Ray Prochaska was born in Ulysses, Nebraska, to Emil Prochaska and Marie Fredlick, having Czech and Moravian ancestry. He attended high school in Ulysses before enrolling at the University of Nebraska, where he played college football. Prochaska helped take the Cornhuskers to the 1941 Rose Bowl, where they were defeated by the Stanford Indians, 21 to 13.

Prochaska was drafted by and made his professional debut in the National Football League in 1941 with the Cleveland Rams before leaving football for military service during World War II. He served from 1942 to 1946 in the US Army and held the rank of captain when discharged.

After leaving the military he joined the coaching staff at his alma mater, where he was assistant coach in charge of ends.
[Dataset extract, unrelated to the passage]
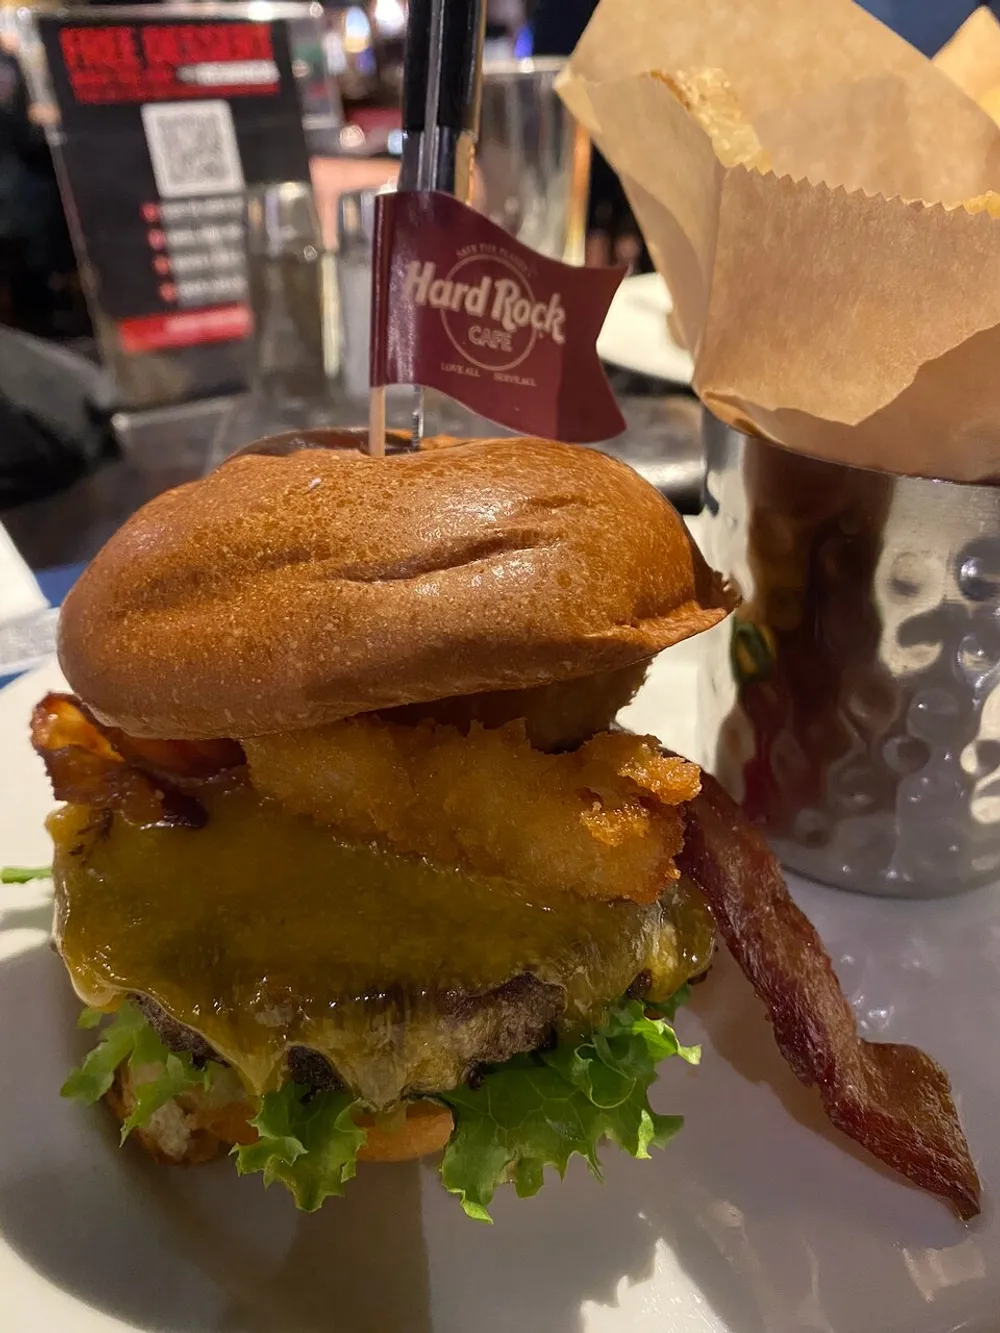 The image shows a gourmet burger with cheese bacon lettuce and a fried onion ring skewered with a branded toothpick from Hard Rock Caf served alongside a metal cup of French fries

In May 1955 he moved to the professional ranks, joining the staff of head coach Pop Ivy of the Edmonton Eskimos of the Canadian Football League (CFL). When Ivy was named head coach of the Chicago Cardinals in 1958, Prochaska turned down an offer to take over as head coach of the Eskimos and followed his mentor to the NFL, joining him as an assistant coach on his staff.

After Ivy resigned as coach of the Cards late in the 1961 season, Prochaska joined fellow assistant coaches Chuck Drulis and Ray Willsey in sharing head coaching duties on an interim basis. The trio finished the year with a 2–0 record.

Prochaska went on to be an NFL assistant coach for a number of NFL teams, often serving under Chuck Knox, including the Los Angeles Rams, Buffalo Bills, and Seattle Seahawks.

Ray Prochaska died March 9, 1997, in Orange County, California. He was 77 years old at the time of his death.